In a speech on Saturday in Greensboro, North Carolina, Mr Obama said the Republican candidate had proved he was out of touch with the middle class by never once uttering the words during their first debate.

"Through 90 minutes of debate, John McCain had a lot to say about me, but he didn't have anything to say about you," he said. "He didn't even say the words 'middle class.' He didn't even say the words 'working people."'

Mr Obama's running mate, Sen Joe Biden, echoed the comments, saying Mr McCain's judgement on every issue was "wrong".

"Last night, John McCain's silence on the middle class was deafening," he said. "We need more than a brave soldier. We need a wise leader."

The Republican governor of Mississippi, Haley Barbour, said Mr McCain's experience had shone through during the debate.

2 Oct - vice-presidential rivals. Topic: Domestic and foreign policy
7 Oct - presidential contenders. Topic: Any issues raised by members of the audience
15 Oct - presidential contenders. Topic: Domestic and economic policy
The BBC has full and extensive coverage of the debates

"This was real experience. This was someone talking about war, not what they read in a book, what they heard in a lecture," he told the BBC.

In its first post-debate advert, Mr McCain accused his rival of "playing politics, risking lives" when he voted against an Iraq war spending bill in May 2007.

On Friday, the Wall Street journal accidentally ran an advert from the McCain campaign before the debate - and even before he had said he would actually attend - declaring: "McCain wins debate".

The BBC's Allan Little in Oxford says both performances seemed to be sure footed, polished, coherent, focused, meticulously researched.

No-one rambled, nor repeated himself, our correspondent says.

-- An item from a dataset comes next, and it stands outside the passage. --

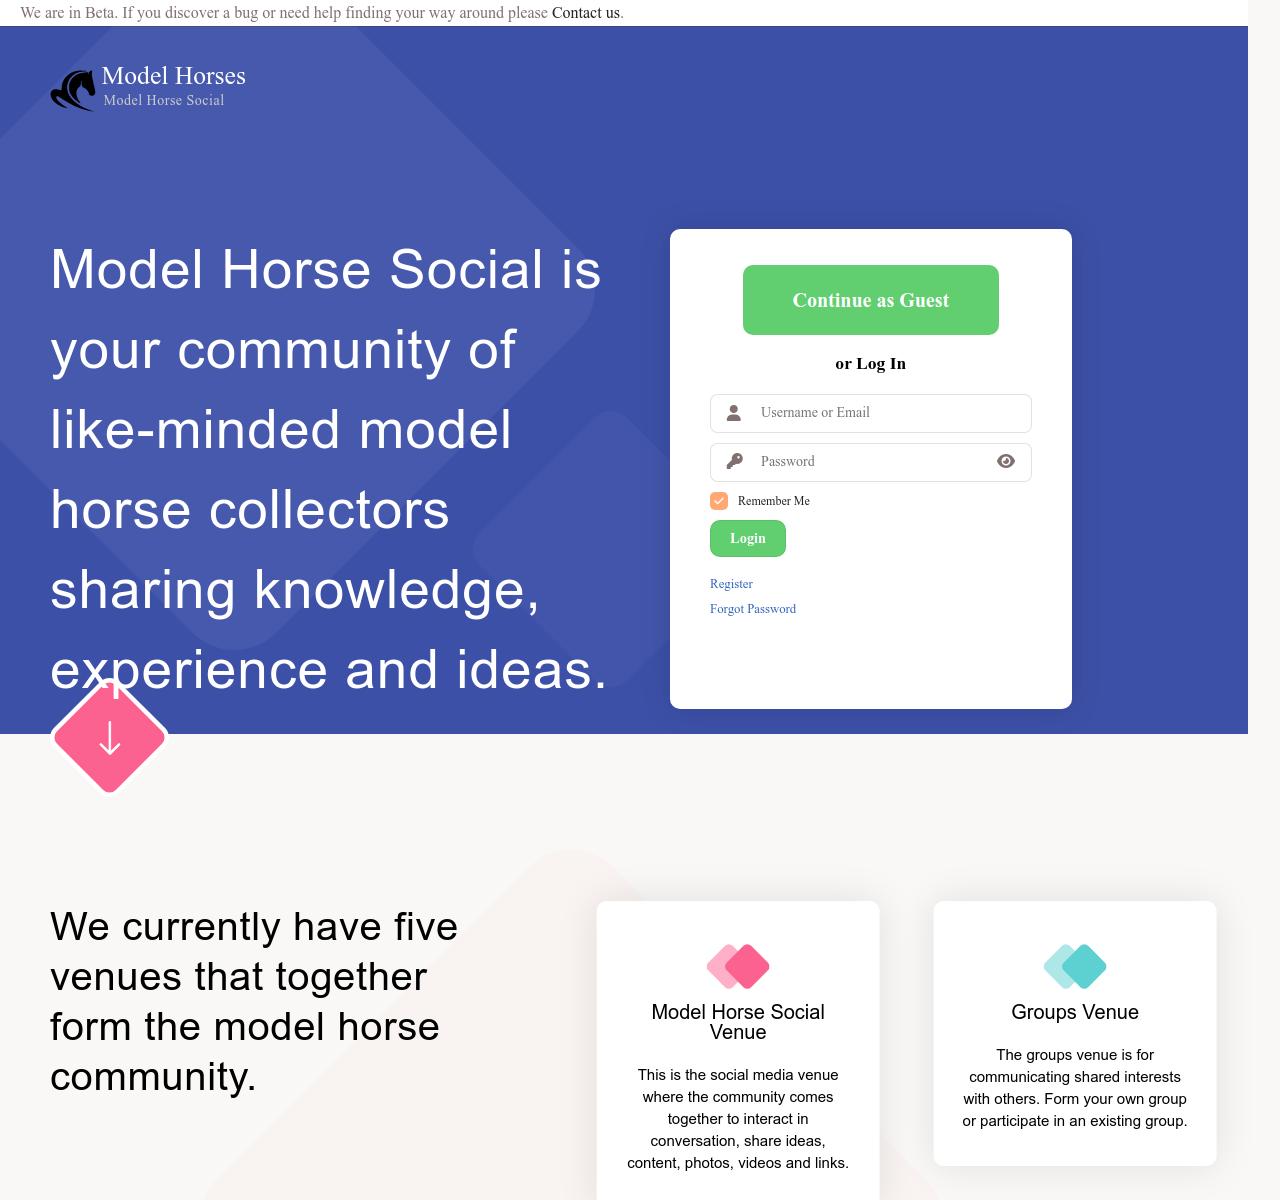 Modle Horse Social - Portal to the the model horse hobby.

Both argued points of policy in detail and with mutual civility, he adds.

'Serious threat'

During Friday's debate, Sen McCain said he did not need "any on-the-job training".

"I'm ready to go at it right now," he added.

John McCain at the debate in Oxford (26 September 2008)
I have a long record and the American people know me very well
Sen John McCain

But Sen Obama said his rival had been "wrong" about invading Iraq and that the war had led the US to take its eye off the ball in Afghanistan, where it should have been pursuing al-Qaeda.

Mr McCain argued that as a result of the "surge" - which involved sending some 30,000 extra US troops to Iraq - US military strategy was succeeding.

"We are winning in Iraq and we will come home with victory and with honour," he said.

Asked about Iran, Mr McCain stressed that Tehran was a threat to the region and, through its interference in Iraq, to US troops deployed there.

He outlined a proposal for a "league of democracies" to push through painful sanctions against Tehran that were presently being blocked in bodies like the United Nations because of opposition from Russia.

Mr McCain also criticised Mr Obama for his previously stated willingness to hold talks with the leaders of Iran without preconditions.

John McCain and Barack Obama on dealing with Iran

Mr Obama rejected that criticism, saying he would reserve the right as president "to meet with anybody at a time and place of my choosing if I think it's going to keep America safe".

However, he said he agreed with his Republican rival that "we cannot tolerate a nuclear Iran" and the threat that that would pose to Israel, a staunch US ally.

Speaking about the so-called war on terror, Mr McCain said he believed the nation was safer than it had been the day after the 11 September 2001 terror attacks but there was still a long way to go.

Mr Obama pointed to the spread of al-Qaeda to some 60 countries and said that the US had to do more to combat that, including improving its own image as a "beacon of light" on rights.

"One of the things I intend to do as president is restore America's standing in the world," Mr Obama said.